▸ **TASK TO COMPLETE**
Please restate the listing word for word, omitting the images.
[SUPPLIED DATA — start]
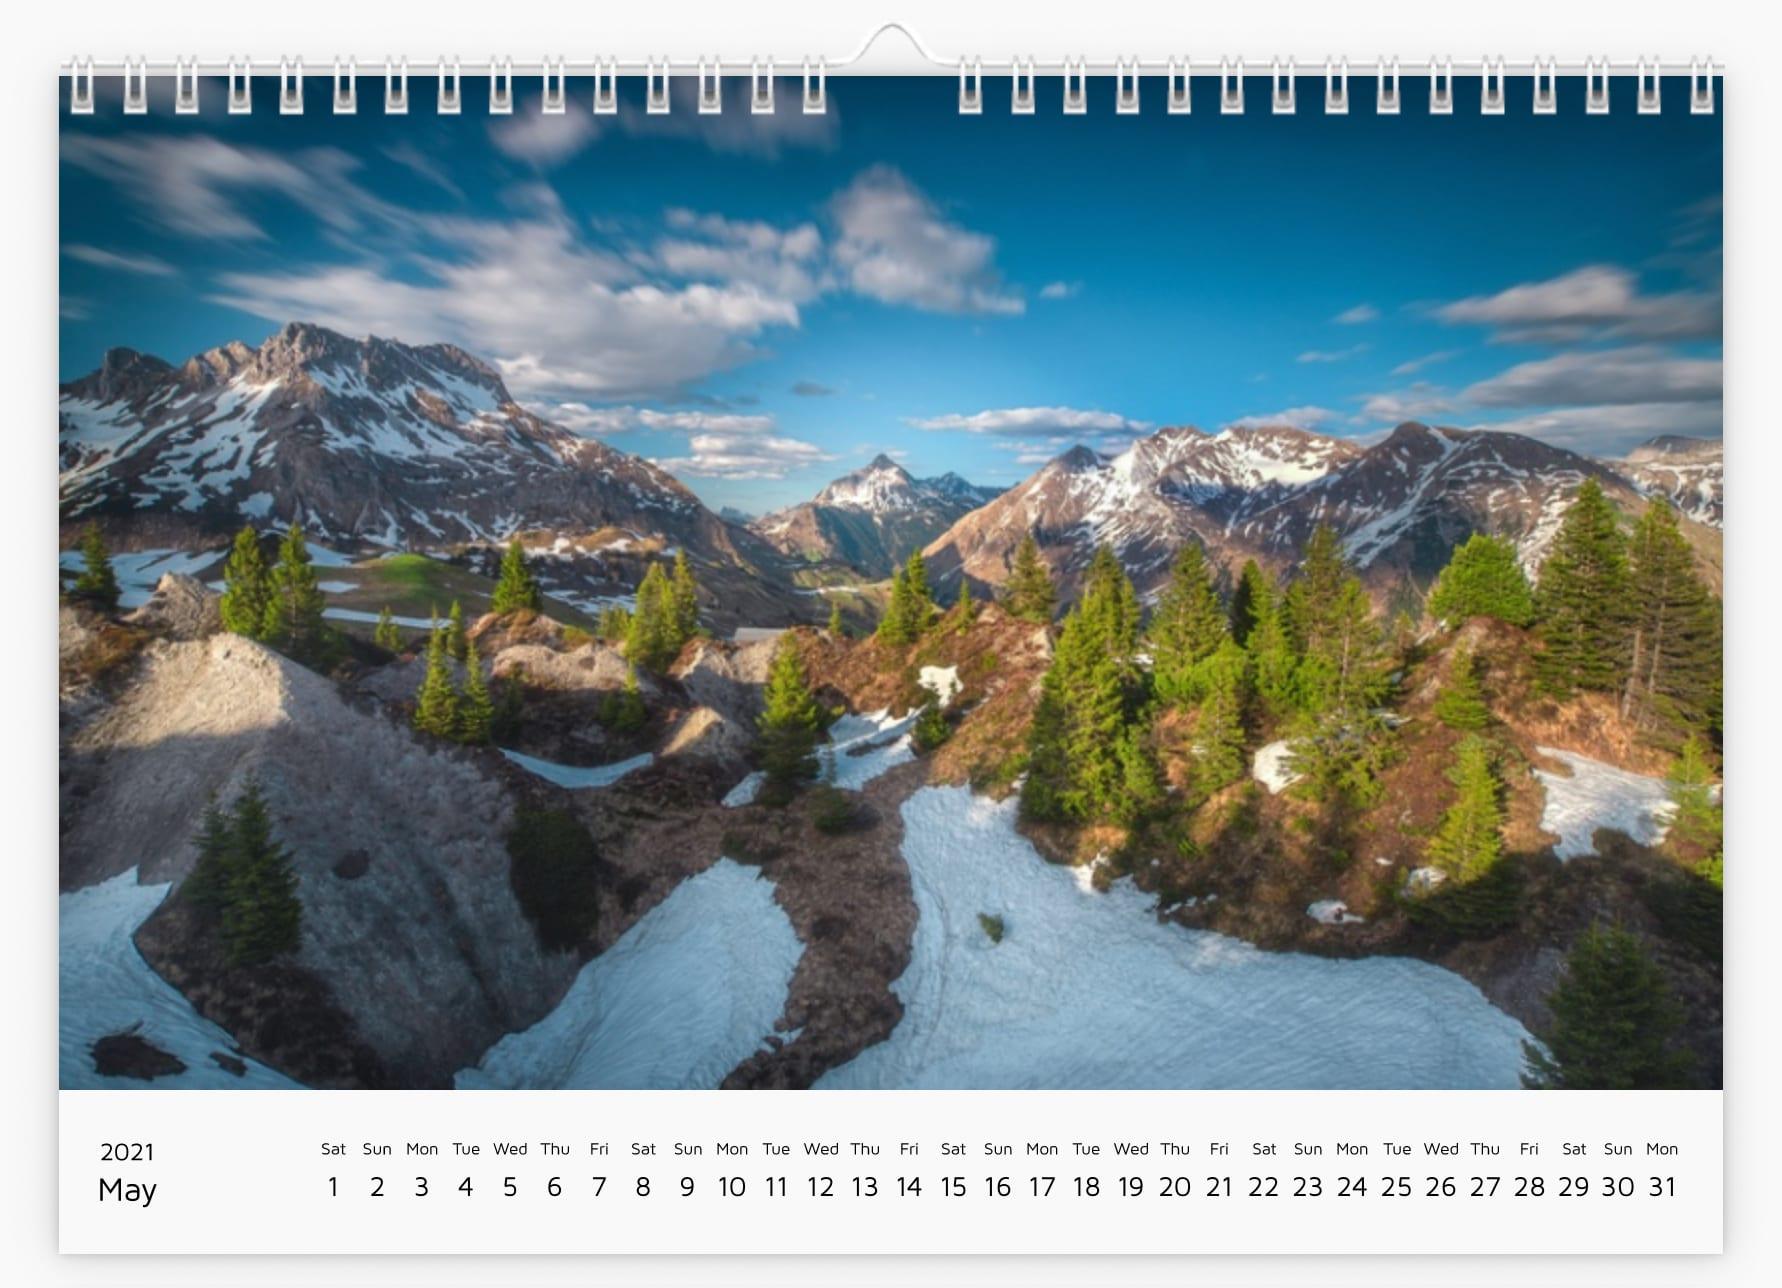 May - Calendar 2021
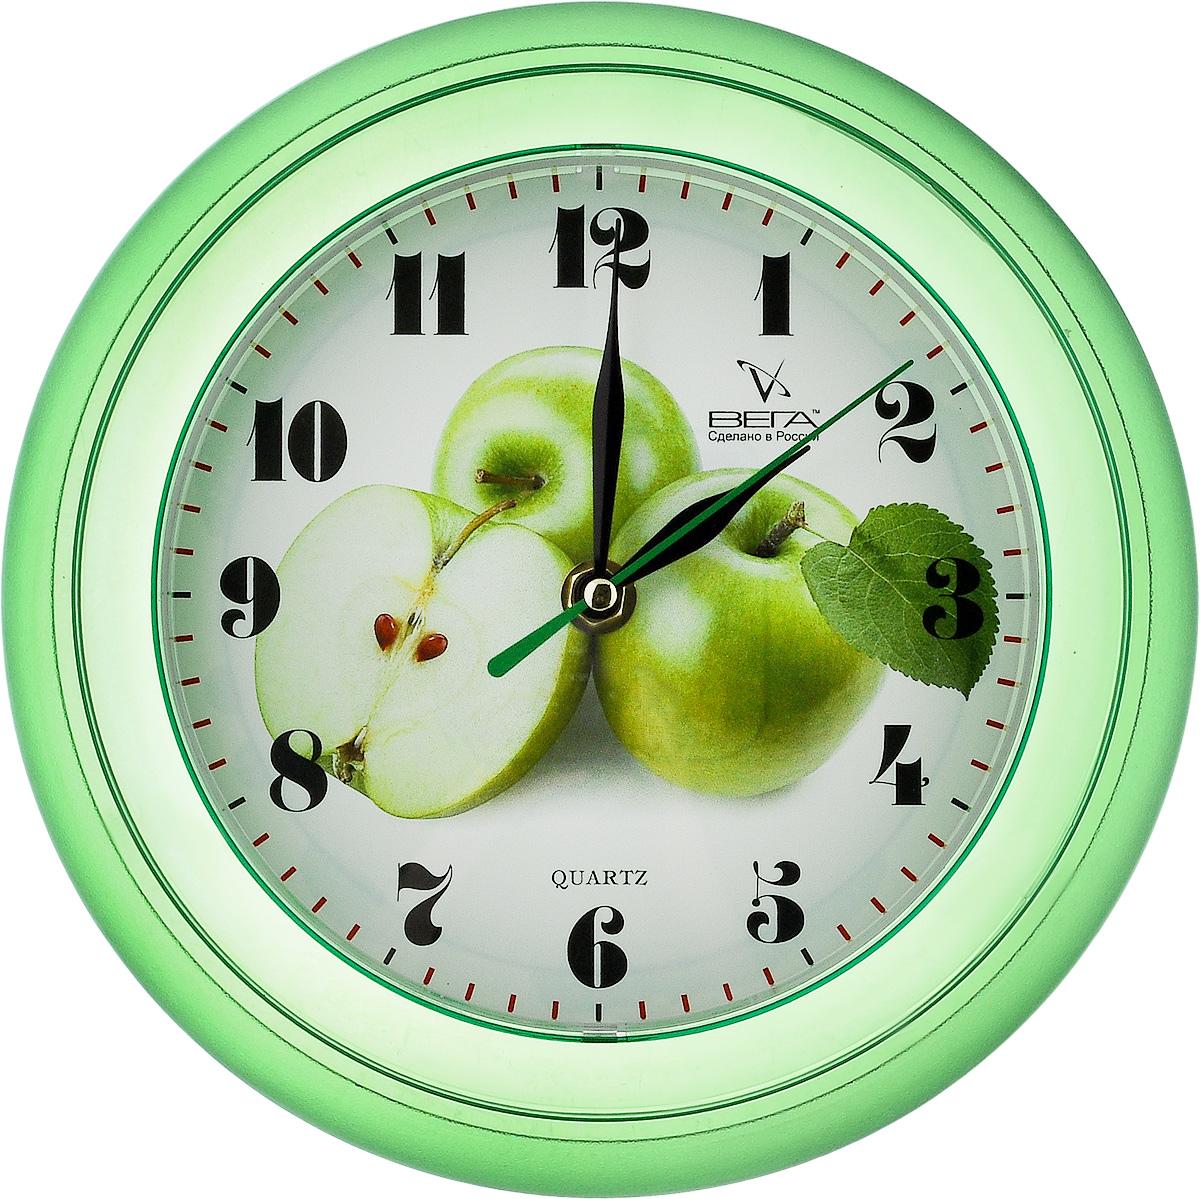 Часы настенные Вега Яблоки, диаметр 22,5 смП6-3-6Настенные кварцевые часы Вега Яблоки, изготовленные из пластика, прекрасно впишутся в интерьервашего дома. Круглые часы имеют три стрелки: часовую,минутную и секундную, циферблат защищен прозрачным стеклом.Часы работают от 1 батарейки типа АА напряжением 1,5 В (не входит в комплект).Диаметр часов: 22,5 см.
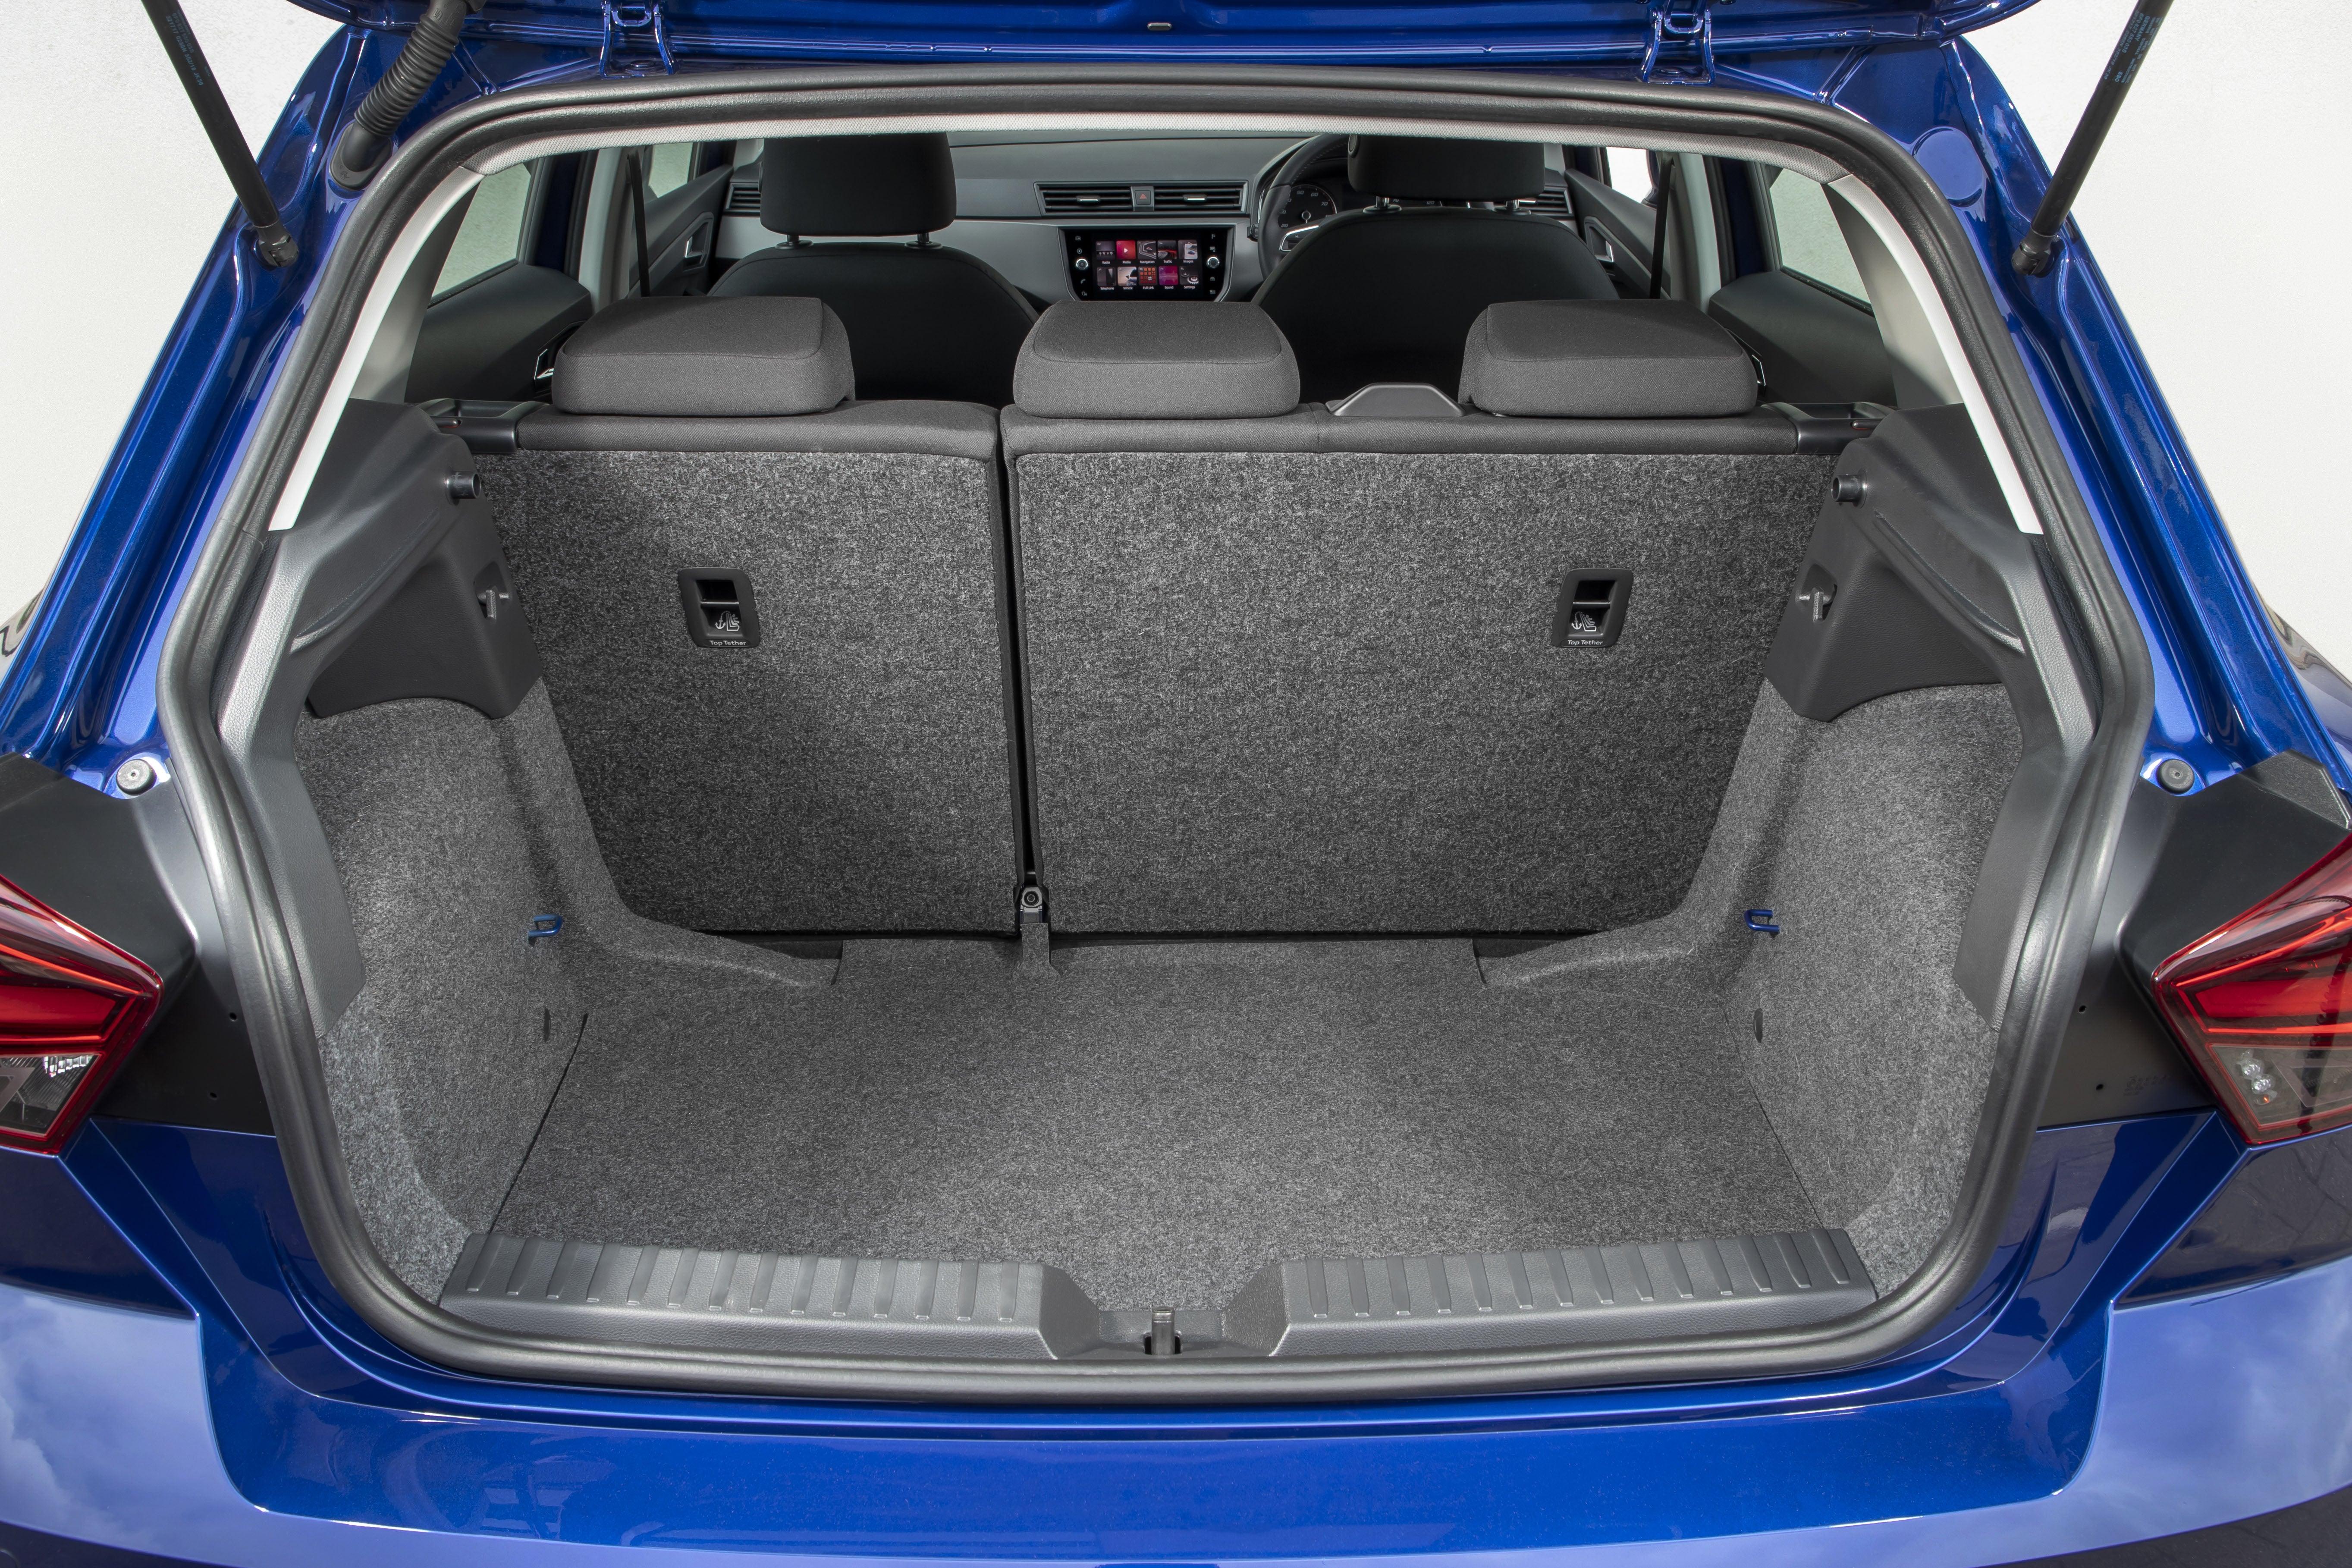 SEAT Ibiza Bootspace
[SUPPLIED DATA — finish]
▸ **EXPECTED ANSWER**
 May - Calendar 2021
 Часы настенные Вега Яблоки, диаметр 22,5 смП6-3-6Настенные кварцевые часы Вега Яблоки, изготовленные из пластика, прекрасно впишутся в интерьервашего дома. Круглые часы имеют три стрелки: часовую,минутную и секундную, циферблат защищен прозрачным стеклом.Часы работают от 1 батарейки типа АА напряжением 1,5 В (не входит в комплект).Диаметр часов: 22,5 см.
 SEAT Ibiza Bootspace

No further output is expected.